Minimizing Radiation Exposure

Doctors take special care during x-ray exams to use the lowest radiation dose possible while producing the best images for evaluation. National and international radiology protection organizations continually review and update the technique standards radiology professionals use.

Modern x-ray systems minimize stray (scatter) radiation by using controlled x-ray beams and dose control methods. This ensures that the areas of your body not being imaged receive minimal radiation exposure.

Technologists follow the ALARA principle at all times. ALARA stands for “as low as reasonably achievable”. ALARA means avoiding exposure to radiation that does not have a direct benefit to you, even if the dose is small.


How Long does it take to get results?

You will usually get the results within a few days to a week. A radiologist reads your mammogram and then reports the results to you and your doctor. If there is a concern, you will hear from the facility earlier. Contact your health care provider or the mammography facility if you do not receive a report of your results after 1 week.

Understanding your results and follow-up

Normal Results
If your results come back as normal, you will continue to get mammograms according to recommended time intervals. Mammograms work best when they can be compared with previous ones.

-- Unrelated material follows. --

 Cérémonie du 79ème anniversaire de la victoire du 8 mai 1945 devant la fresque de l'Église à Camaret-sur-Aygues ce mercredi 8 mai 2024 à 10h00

This allows the radiologist to compare them to look for changes in your breasts.
Abnormal Results
An abnormal mammogram does not always mean that there is cancer. But you will need to have additional mammograms, tests, or exams before the doctor can tell for sure. You may also be referred to a breast specialist or a surgeon. It does not necessarily mean you have cancer or need surgery. These doctors are experts in diagnosing breast problems. Doctors will do follow-up tests to diagnose breast cancer or to find that there is no cancer.

Limitations of Mammography

Mammography remains the best screening tool for breast cancer available today, but mammograms do not detect all breast cancers. This is called a false negative result. On the other hand, when a mammogram looks abnormal and no cancer is present, this is called a false-positive result.

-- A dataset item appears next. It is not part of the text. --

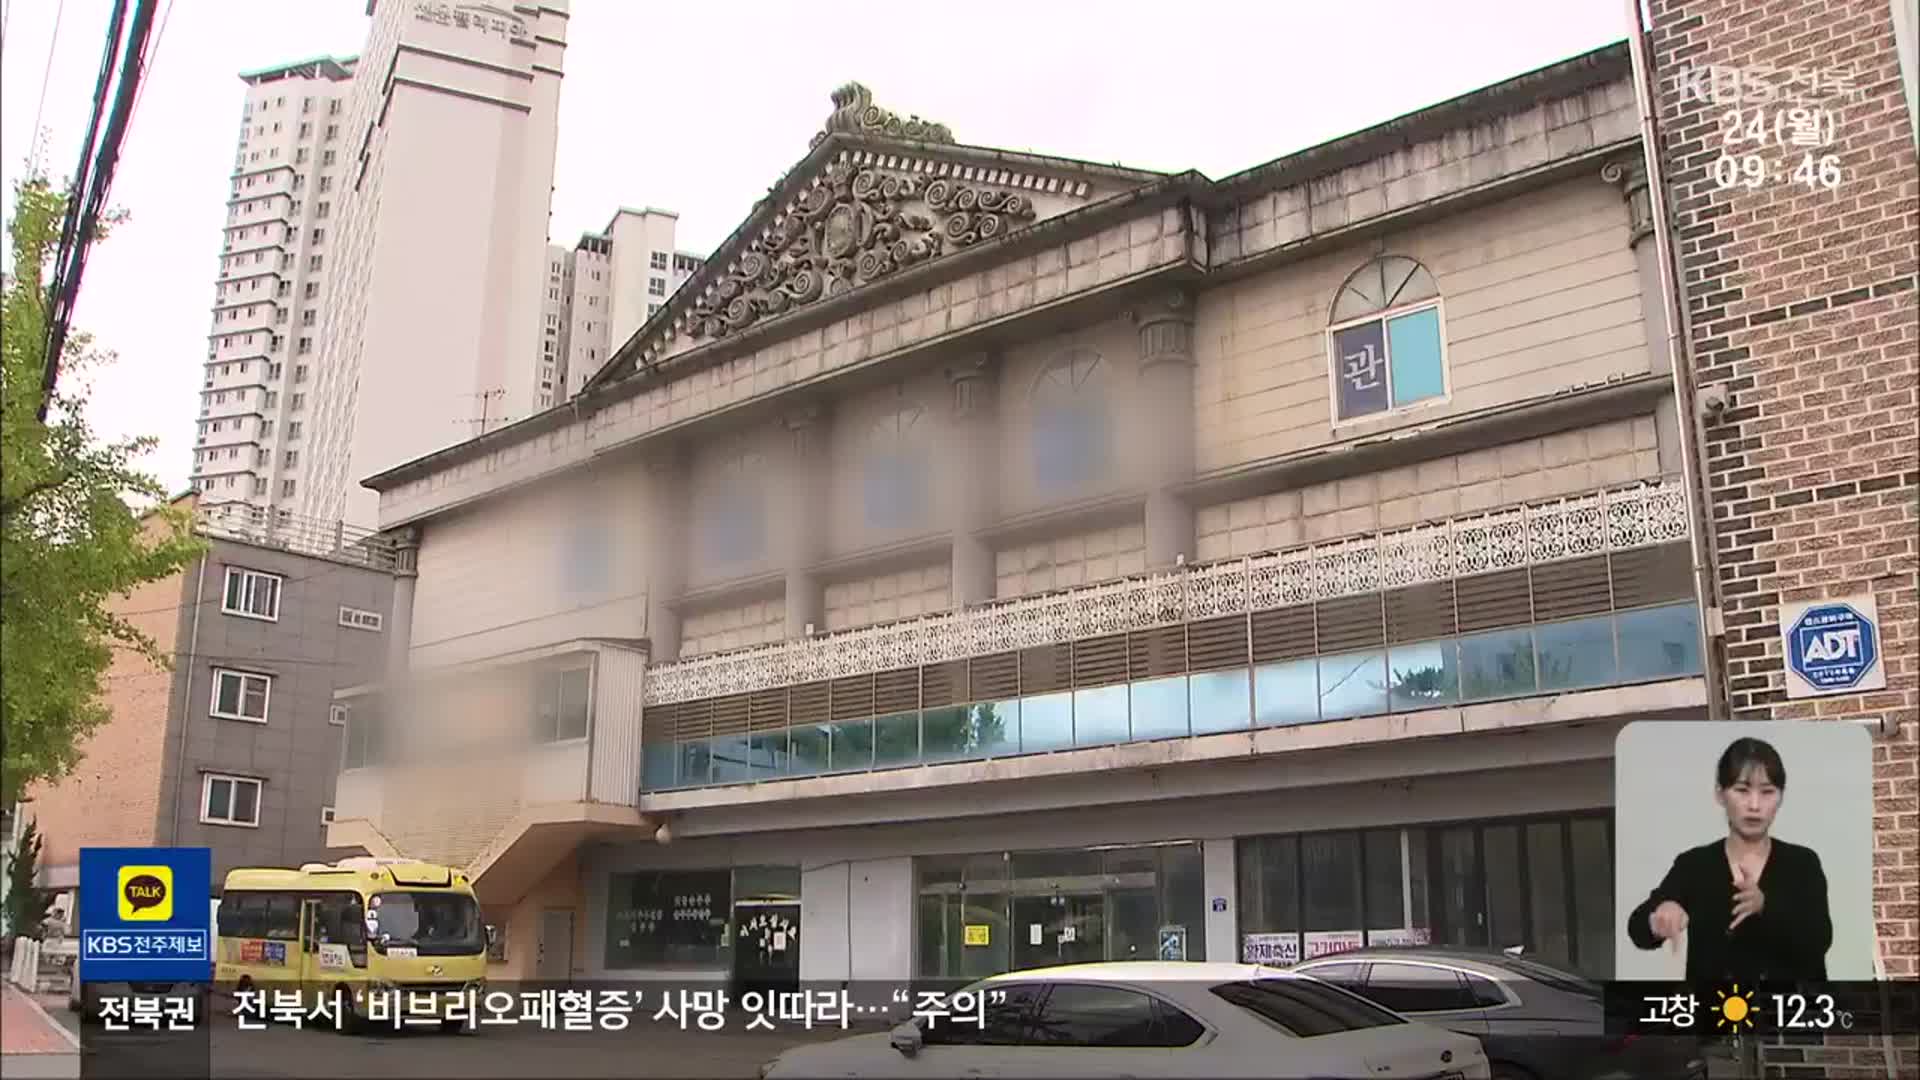 전북, 민선 7기 추진 사업, 뒤집기가 능사?

Screening mammographic images themselves are often not enough to determine the existence of a benign or malignant disease with certainty. If there are abnormalities, your radiologist may recommend further diagnostic studies.

It is very important to understand that not all breast cancers can be seen on mammography. Interpretations of mammograms can be difficult because a normal breast looks different for each woman. Also, the appearance of an image may be compromised if there is powder or salve on the breasts or if you have undergone breast surgery. Because some breast cancers are hard to visualize, a radiologist may want to compare the image to views from previous examinations.

Increased breast density has attracted attention from a number of state legislatures and more recently the federal government for multiple reasons, including:


  • Increased breast density makes it difficult to see a cancer on mammography.
  • Increased breast density may increase the risk of getting breast cancer.

The radiologist reading your mammogram determines your breast density and reports it to your doctor.

Breast implants can also impede accurate mammogram readings because both silicone and saline implants are not transparent on x-rays and can block a clear view of the tissues around them, especially if the implant has been placed in front of, rather than beneath, the chest muscles. Experienced technologists and radiologists know how to carefully compress the breasts to improve the view without rupturing the implant.

Research is being done on a variety of breast imaging techniques that can contribute to the early detection of breast cancer and improve the accuracy in distinguishing non-cancerous breast conditions from breast cancers.